→ **What is expected**: Repeat the listing below exactly. Pictures do not belong in the copy.

→ **The data**:
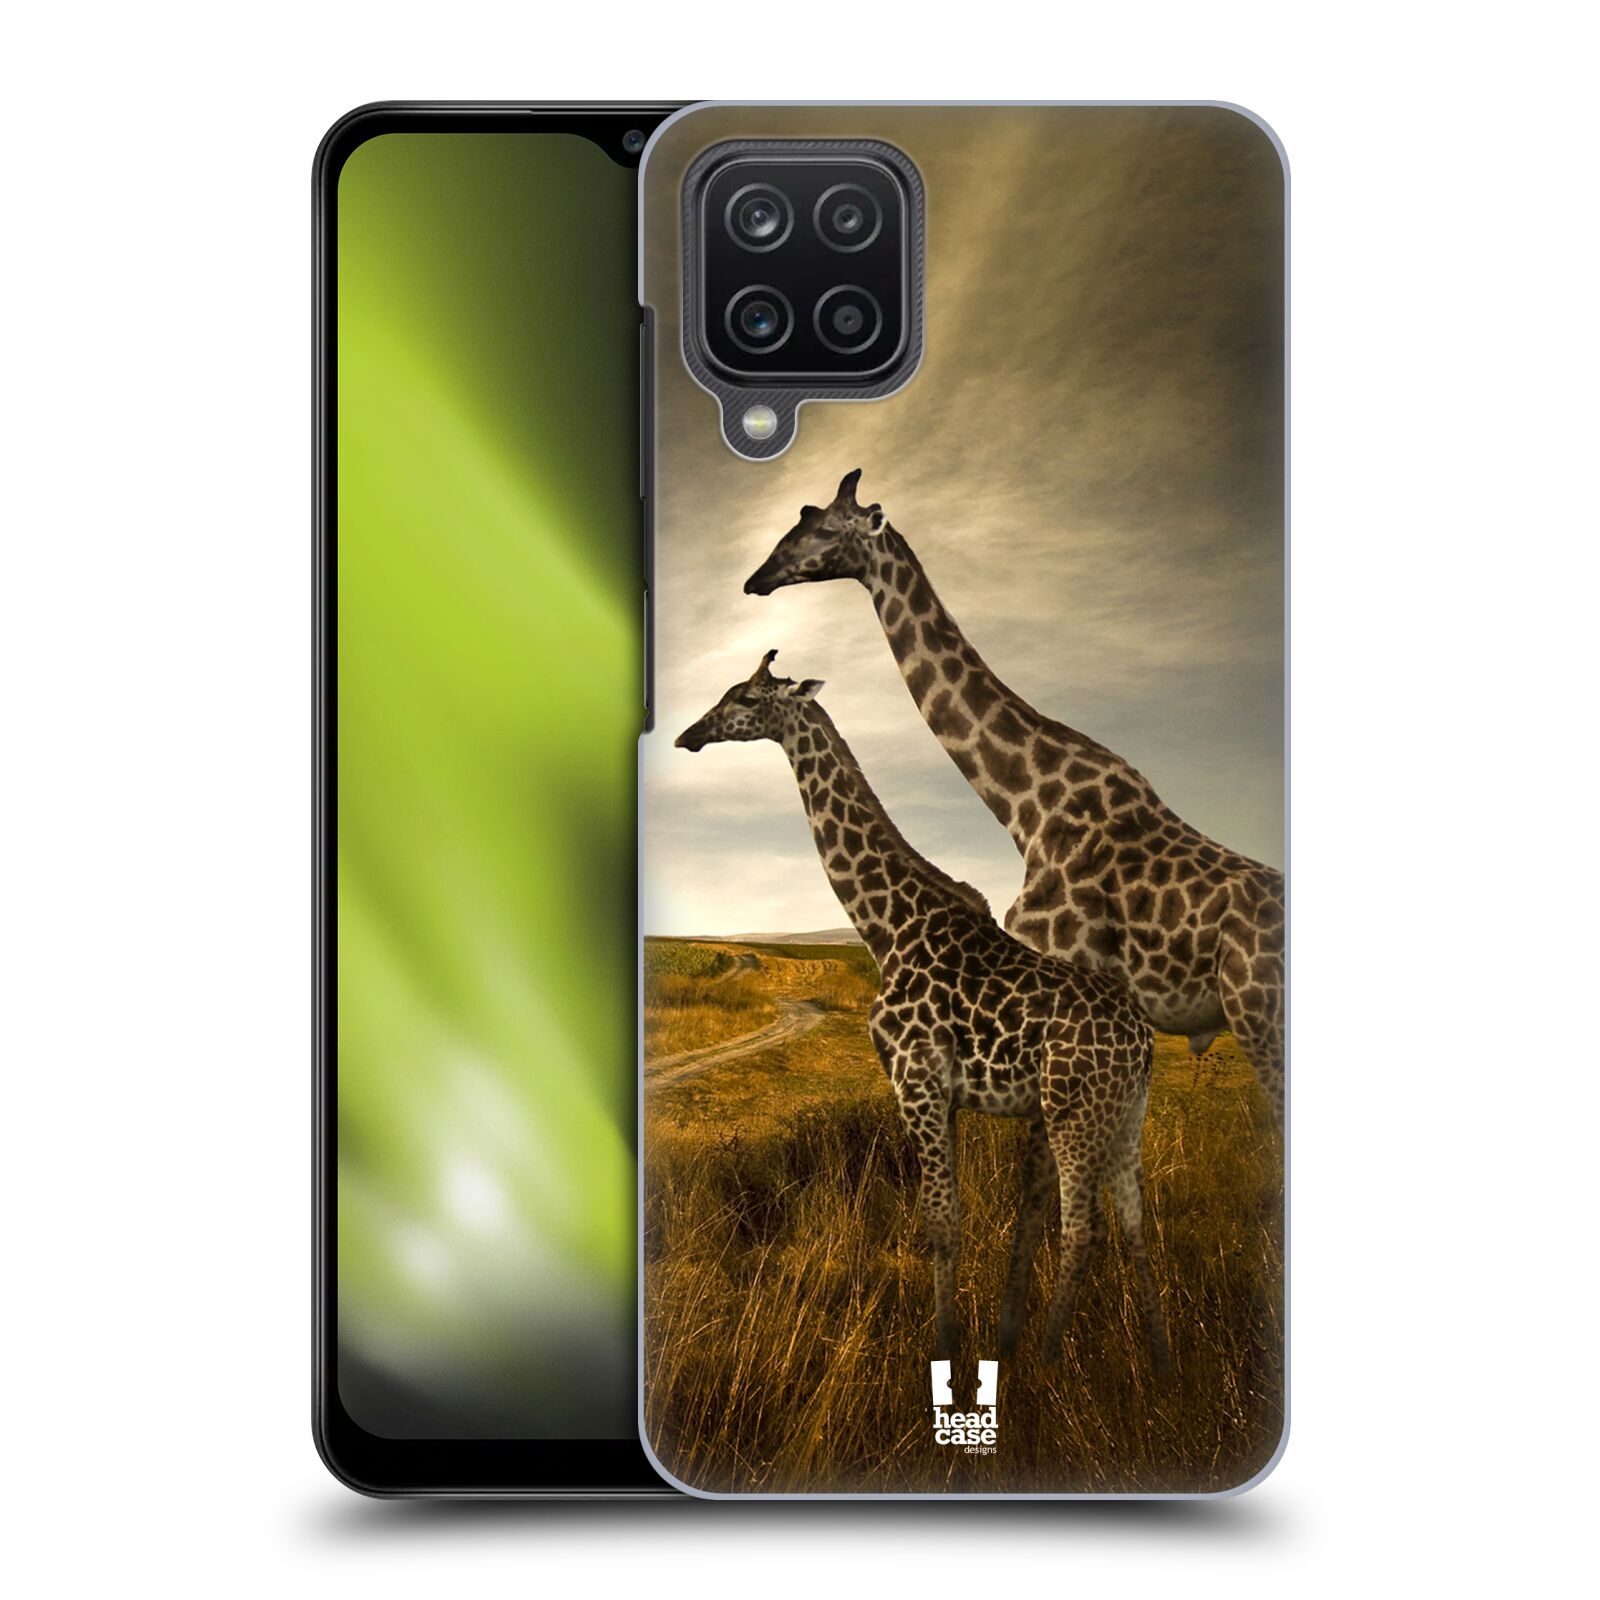 Zadní obal pro mobil Samsung Galaxy A12 - HEAD CASE - Svět zvířat žirafy
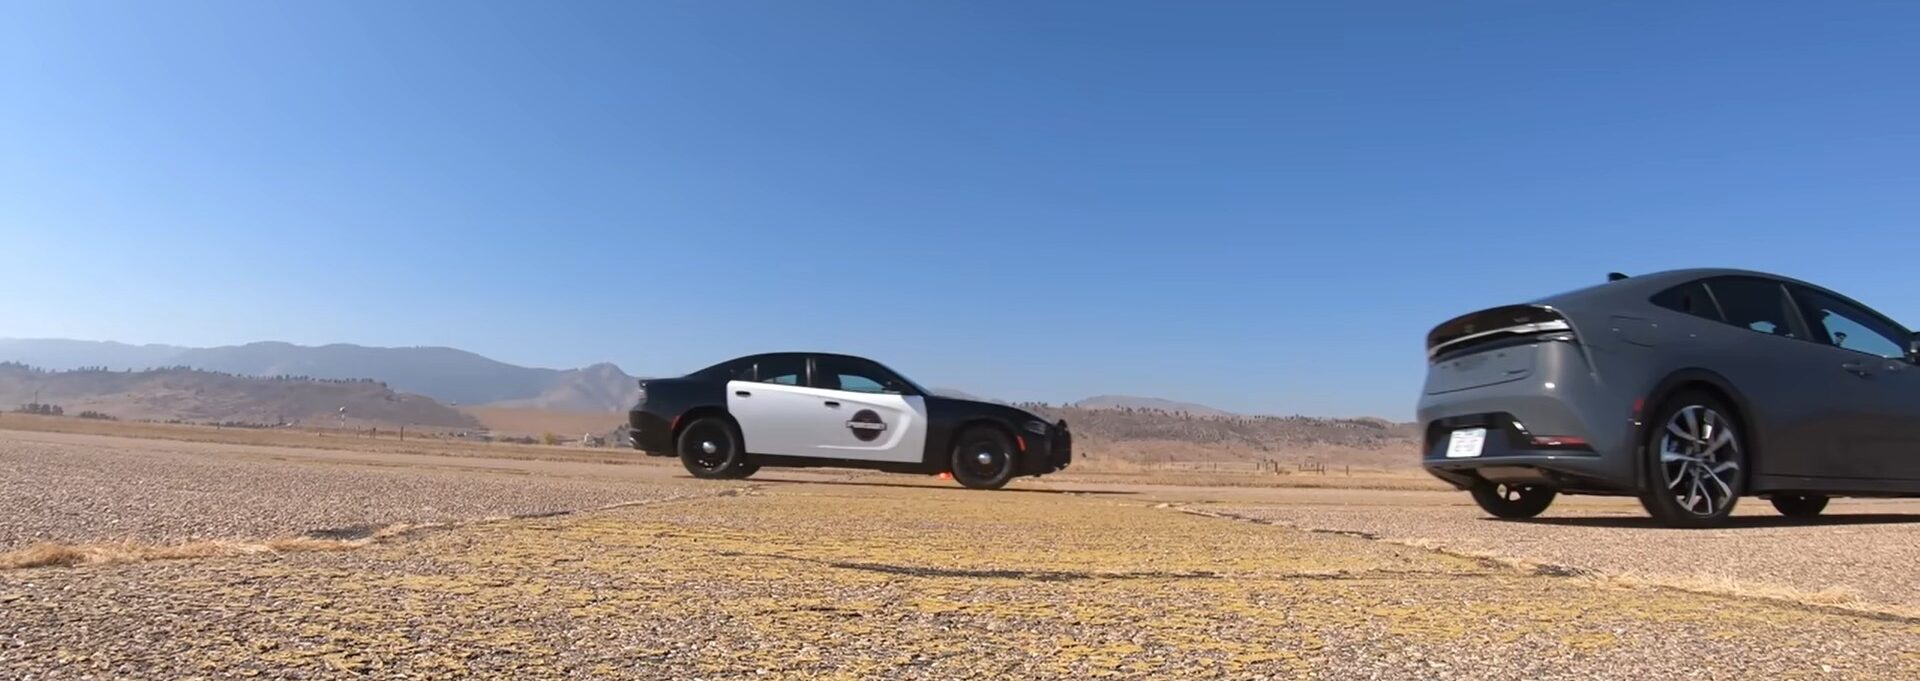 Toyota Prius соревнуется с V8 Dodge Charger Pursuit и побеждает, конечно, есть подвох
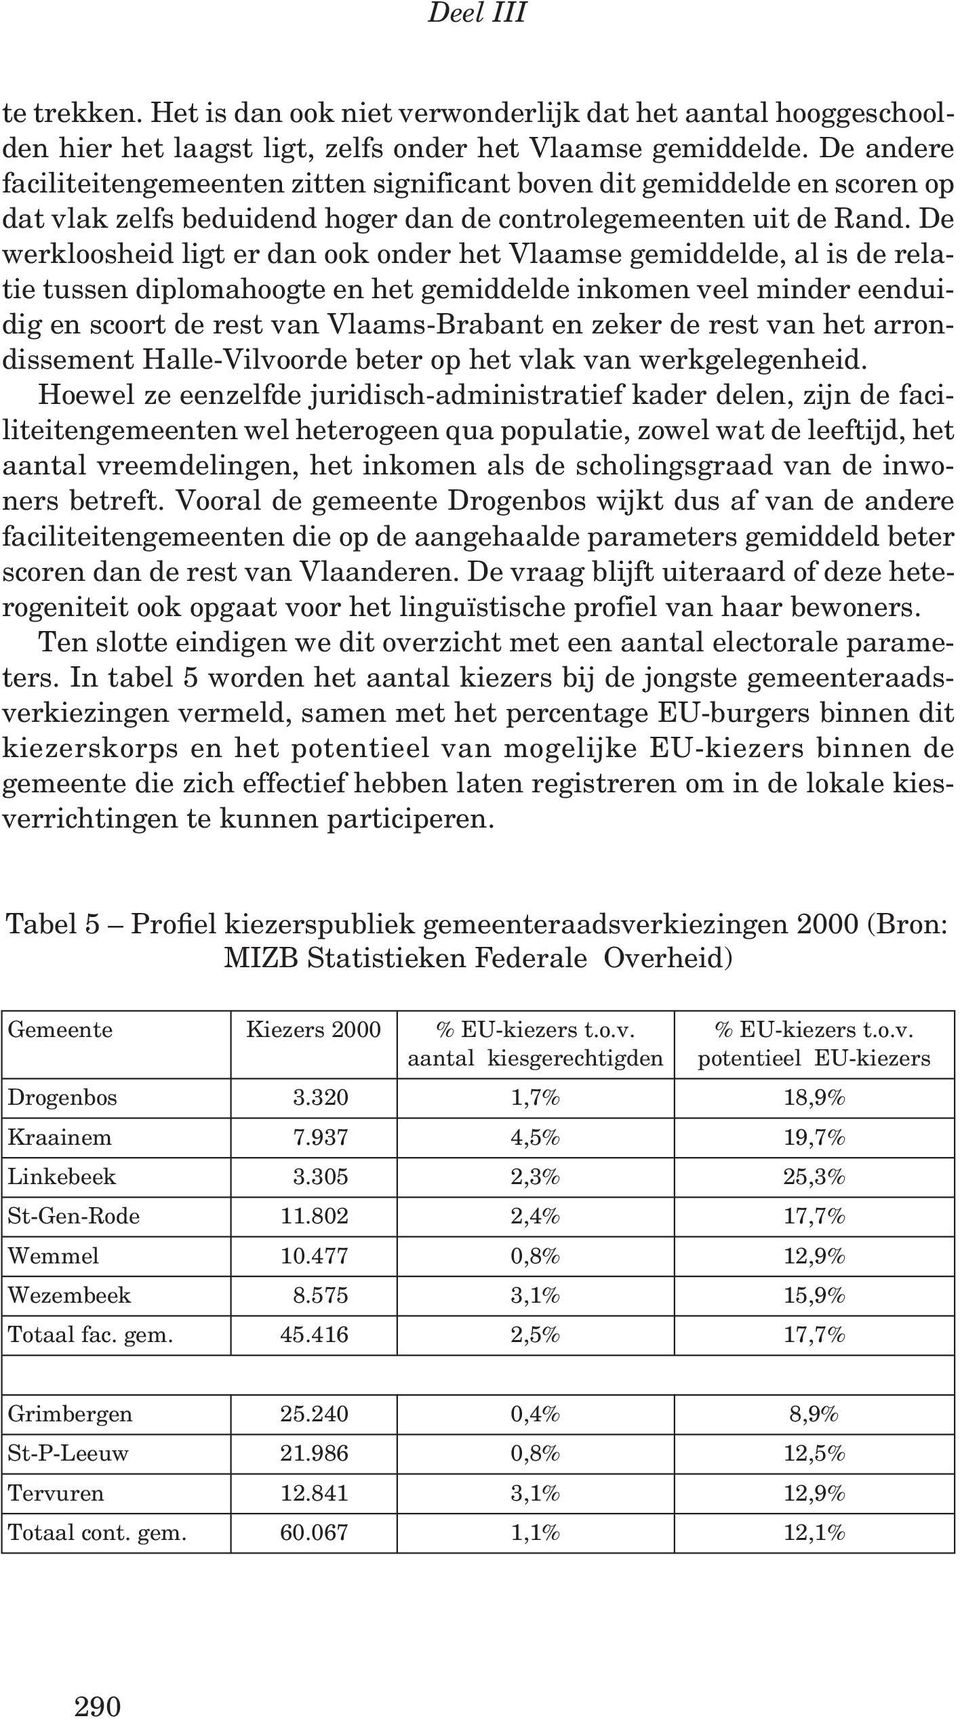 De werkloosheid ligt er dan ook onder het Vlaamse gemiddelde, al is de relatie tussen diplomahoogte en het gemiddelde inkomen veel minder eenduidig en scoort de rest van Vlaams-Brabant en zeker de
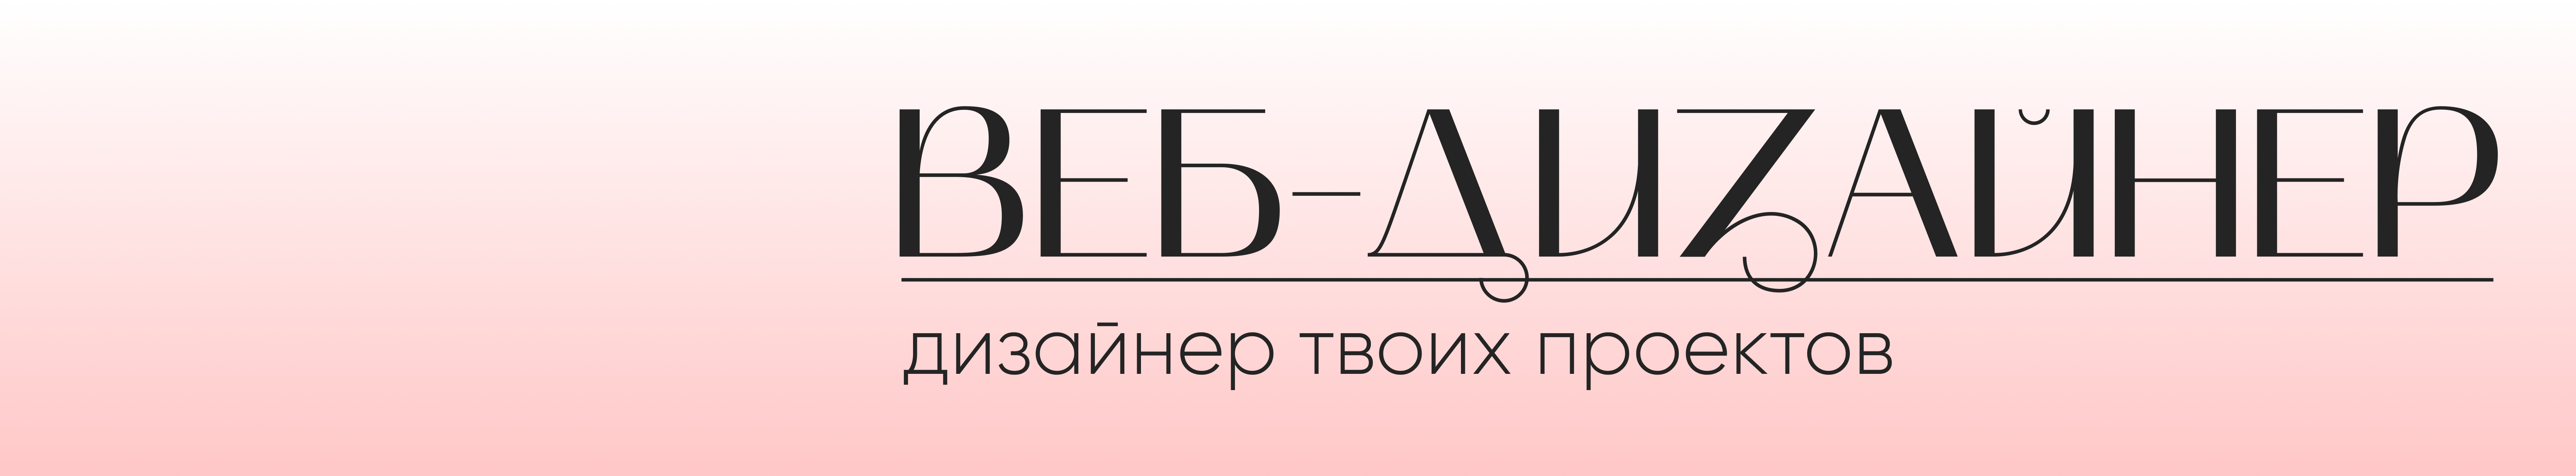 Екатерина Якимова's profile banner

→ **Task output**:
 Zadní obal pro mobil Samsung Galaxy A12 - HEAD CASE - Svět zvířat žirafy
 Toyota Prius соревнуется с V8 Dodge Charger Pursuit и побеждает, конечно, есть подвох
 De werkloosheid ligt er dan ook onder het Vlaamse gemiddelde, al is de relatie tussen diplomahoogte en het gemiddelde inkomen veel minder eenduidig en scoort de rest van Vlaams-Brabant en zeker de
 Екатерина Якимова's profile banner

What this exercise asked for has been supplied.